The brilliant idea is prized above all else in Silicon Valley but the success of Berlin-based Rocket Internet highlights something else – it’s execution that matters most.

Rocket Internet’s accelerator programme has often been dismissed as a clone factory and last week sold a 10% stake to PLDT the largest telecoms provider in the Philippines, taking its valuation to $3.3 billion. That news was followed earlier this week with a further $60 million injection into its food delivery startup Food Panda.

Speaking to Wired in 2012, Oliver Samwer, the most talkative of the taciturn trio of brothers who steer Rocket Internet, said:

“We are builders of companies, we are not innovators. Someone else is the architect, we are the builders.”

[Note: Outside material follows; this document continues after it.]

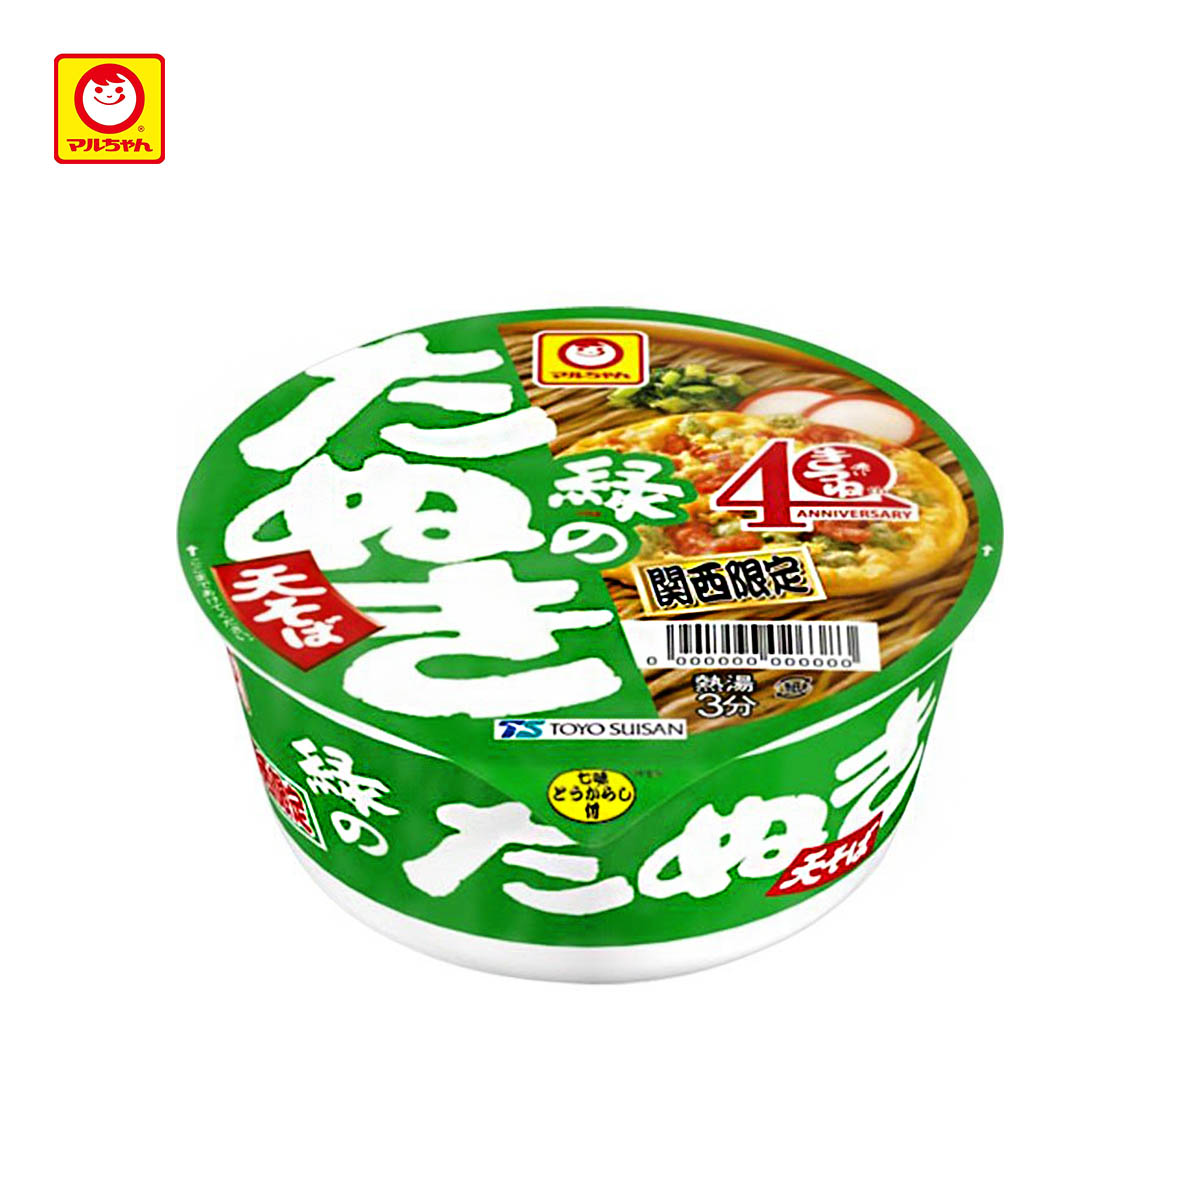 天婦羅蕎麥風味麵 關西限定 101g-日清 NISSIN 日本進口製造

It’s that mentality that has drawn vicious criticism from some quarters – investor Jason Calacanis called the Samwer brothers “despicable thieves” – but there is something to be admired in their ruthless focus on building businesses that work. The idea is only a starting point.

Keeping it simple

Rocket focuses on creating companies in three areas – e-commerce, online marketplaces and money services – because, as Samwer told the FT, they serve “universal basic needs leading to universal basic industries”. In a world of app developers building something then hoping to find an audience, that kind of clear-eyed approach feels almost refreshing.

Where some in the startup world romanticise the process of building a company, the Samwers bring a teutonic bluntness to the process. In the same FT interview, Oliver shares a truism that every entrepreneur should realise:

“A customer who buys shoes, who buys a phone, who goes on a taxi service, who orders a pizza – it’s the same process of customer acquisition, comparing the cost of marketing versus lifetime value.”

Execution is key

The Samwers’ first big success is an incredible example of how execution can be more important than the initial idea. Inspired by eBay, they launched Alando, a German-language auction website, in 1999. Within 100 days of launch, they had sold the site for eBay for £35 million. There were at least 20 other auction sites in the German market at the time but the Samwers focus on customer acquisition outstripped their rivals.

Clone Factory or Business Savvy?

I’m not arguing that Europe needs to breed a wave of clone factories copying the Samwers’ approach.

However, getting hung up on originality alone is a bad place to start. The Samwers show that understanding markets, building products that serve them and executing effectively is the route to success. Even with an original idea, you’re only at the beginning of the journey.